Cumhurbaşkanı'nın yasaların birkez daha görüşülmek üzere TBMM'ye iadesi yeniden düzenlenmelidir. Bir maddedeki itiraz, bütün yasanın yeniden görüşülmesine yol açmamalıdır. Soruşturma komisyonları siyasi görüşlerden etkilenmektedir. Bu soruna, yasama ve yargı arasında denge kuracak yeni bir düzenleme ile çözüm getirilmelidir. Soruşturma komisyonlarında Yargıtay'ın ceza daireleri başkanları da bulunmalıdır. Nihai kararı yine TBMM vermelidir.
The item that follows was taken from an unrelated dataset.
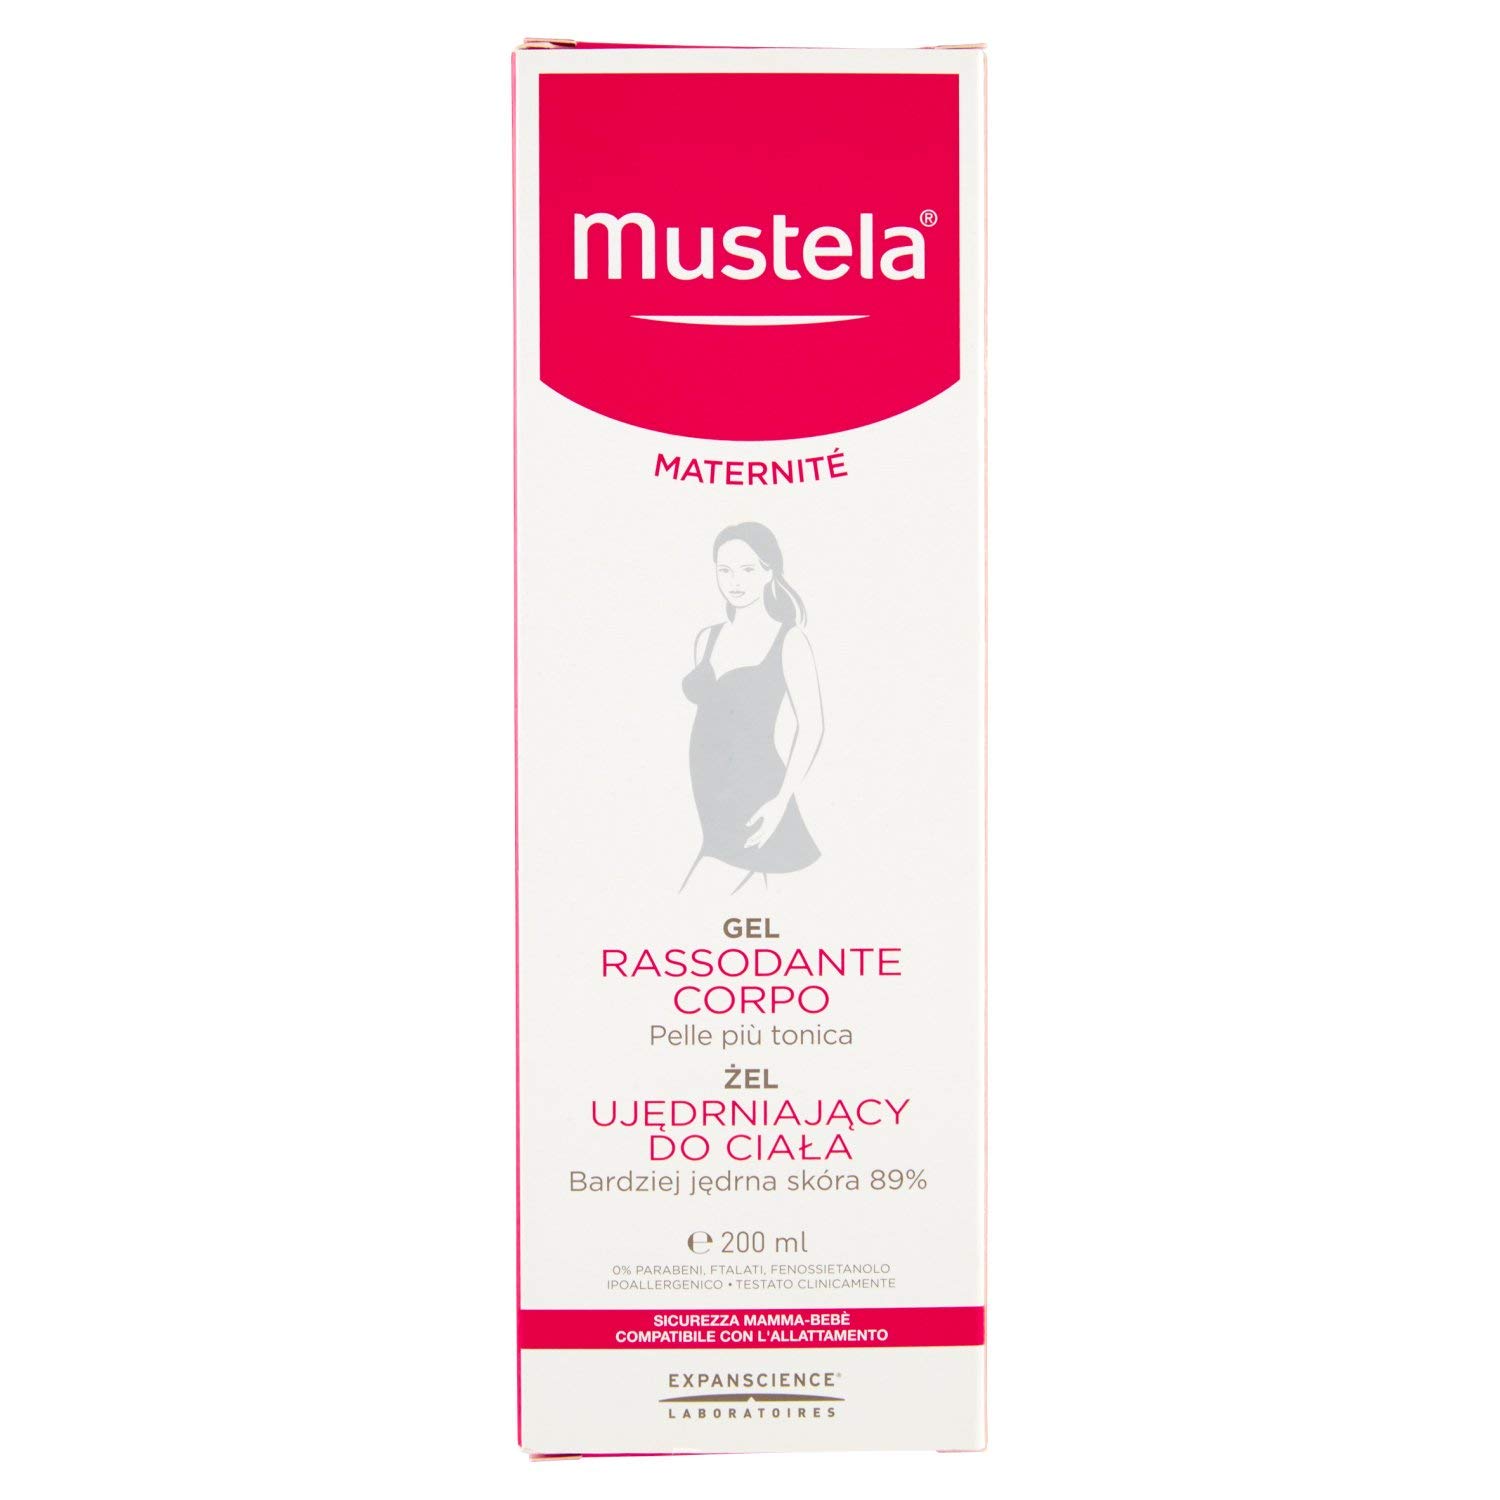 Mustela Maternite Body Gel 200 ml Pack of 1 x 200 g

Başkanlık ve yarı başkanlık sistemi, uygulandığı ülkelerde de tartışılıyor. Türkiye parlamenter sistemde önemli tecrübeler edindi. Parlamenter sistem sürdürülmelidir. Başkanlık sisteminde yürütme ve başkan karşı karşıya gelebilir.

Cumhurbaşkanı'nın halk tarafından seçilmesi, sistemde tamamen değişikliğe yolaçar. Yürütme ve Cumhurbaşkanı karşı karşıya gelebilir. Cumhurbaşkanı'nı yine TBMM seçmelidir. Ancak, bu seçime il genel Meclisi'nden gelecek üyeler de katılabilir. Bu durumda Cumhurbaşkanı'nın bazı yetkilerinin anlaşılması kolaylaşır.

Devlet bakanlıkları, icracı bakanlıkların yarısını geçmemelidir. İdari işlemlere karşı yargı dışında da denetim olanağı sağlanmalıdır. Kamu denetçiliği Anayasa'ya konmalıdır. Anayasa Mahkemesi'nin yetkileri artırılmalıdır. OHAL ve savaş döneminde çıkarılan KHK'ler de Anayasa Mahkemesi'nin denetimine açık olmalıdır. 12 Eylül döneminde çıkarılan yasa ve KHK'ler için Anayasa Mahkemesi'ne dava açılabilmelidir. Anayasa'nın geçici 15. maddesinin anlamı kalmamıştır.

Hakimler ve Savcılar Yüksek Kurulu'nun yapısı değiştirilmelidir. Adli ve idari yargı olarak iki alt kurul oluşturulabilir. Bu kurullara birinci sınıfda 5 yılını doldurmuş hakim ve savcılar da temsilci gönderebilmelidir. Alt kurullara Yargıtay ve Danıştay başkanları başkanlık edebilir.

Haberle ilgili daha fazlası:

BAKMADAN GEÇME!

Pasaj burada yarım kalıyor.